In a particularly preferred embodiment according to the present invention, at least one reactor tube inner wall and / or at least a portion of the filler is at least one that catalyzes the conversion of MTCS and STC to hydrogen-containing chlorosilane with H _2. One material can be used for coating. In general, the tube can be used with or without a catalyst, but a tube coated with a catalyst is suitable for the appropriate catalyst to increase the reaction rate and thus increase the space time yield. The preferred embodiment is presented. If the filler is coated with a catalytically active coating, the catalytically active inner coating of the reactor tube can optionally be discarded. However, in this case as well, the inner wall of the reactor tube is preferably also taken into account in the coating, since the catalytically available surface is enlarged compared to a pure supported catalyst system (for example with a fixed bed).

  When the inner wall of the reactor tube and / or the optional fixed bed used is coated with a catalytic material, the catalytic material is preferably at least metal Ti, Zr, Hf, Ni, Pd, Pt, Mo, W , Nb, Ta, Ba, Sr, Ca, Mg, Ru, Rh, Ir, or a composition containing at least one of their composites or silicon active compounds as long as they exist Is done. Together with the at least one active ingredient, the composition improves the adhesion of the suspension to the coated surface, in particular to stabilize the suspension, to improve the storage stability of the suspension. Often containing one or more suspending agents and / or one or more auxiliary ingredients to improve and / or improve the application of the suspending agent on the coated surface. . Application of the catalytically active coating on the inner wall of the reactor tube and / or the fixed bed used optionally is at a temperature of 500 ° C. to 1,500 ° C. under an inert gas or hydrogen atmosphere. This can be done by applying the suspension onto the inner wall of the one or more reactor tubes and / or the surface of the filler, drying the applied suspension and subsequent tempering.

  The at least one reactor tube is typically arranged in a heating chamber. The introduction of the heat required to carry out the reaction can be carried out by combustion of the combustion gas in the heating chamber, in particular the natural gas generated within the combined process. In order to achieve uniform temperature control in heating with the combustion gas and avoid local temperature spikes in the reactor tube, the burner should not be directed directly to the tube. The burners can be distributed and aligned, for example, throughout the heating chamber such that they exist between reactor tubes arranged in parallel in free space.
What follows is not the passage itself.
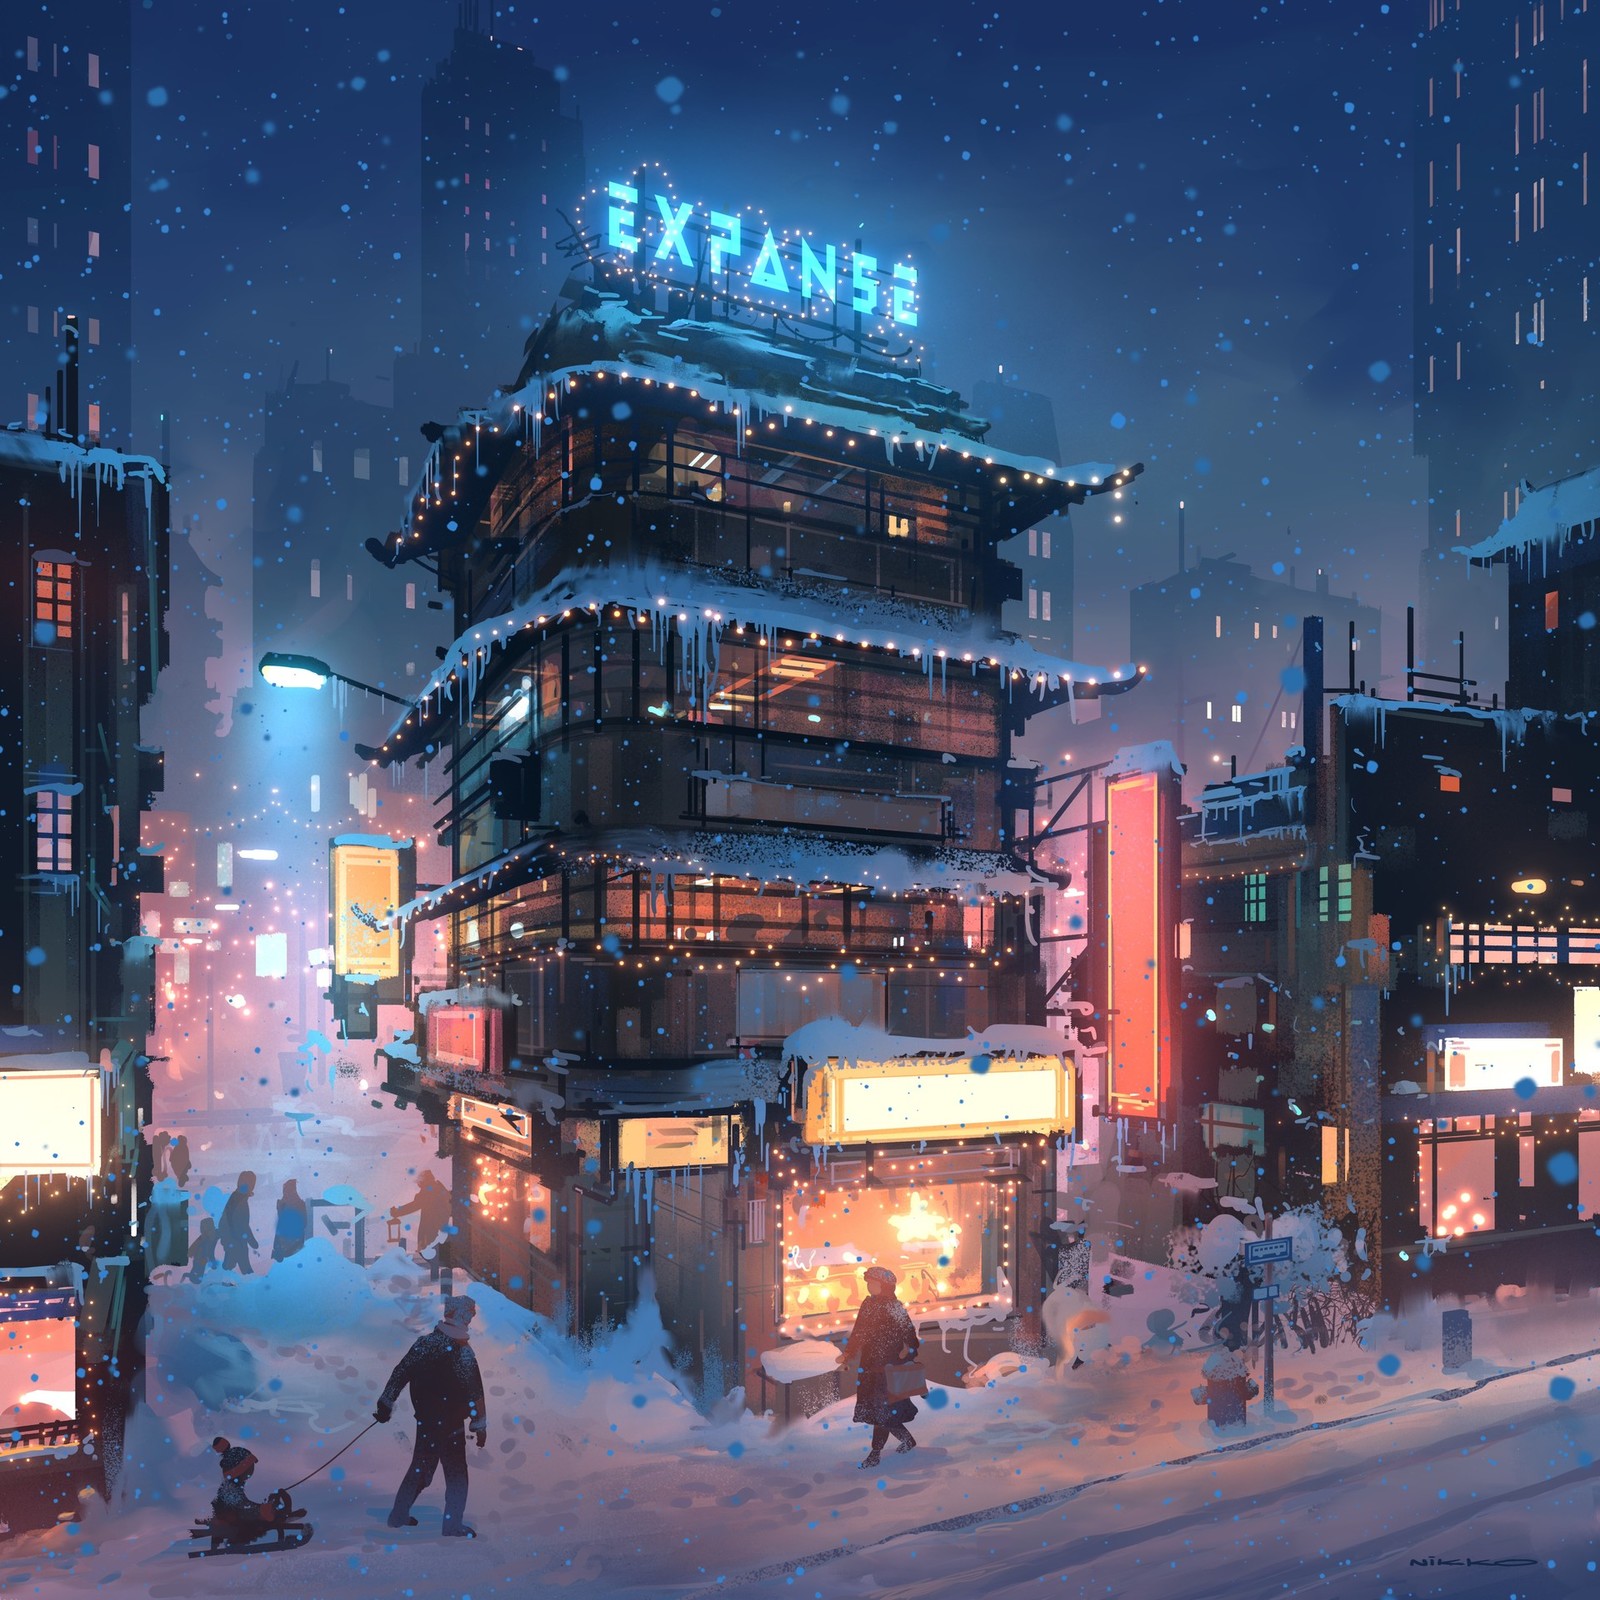 At Christmas. - Christmas, The street, Town, Snow, Digital, Nikolai Lockertsen

  To increase energy efficiency, the hydrogenation reactor can be further coupled to a heat recovery system. For this reason, in a particularly preferred embodiment, one or more of the reactor tubes are closed on one side, each containing an inner tube for gas supply, preferably made of the same material as the reactor tube. . There is a backflow between the closed end of each reactor tube and the facing opening of the tube present inside. In this arrangement, the heat between the inner wall of the reactor tube and the outer wall of the inner tube of the flowing product mixed gas is transferred to the raw material flowing through the inner tube by the heat conduction of the ceramic inner tube. The integrated heat exchanger tube can be at least partially coated with the catalytically active material described above.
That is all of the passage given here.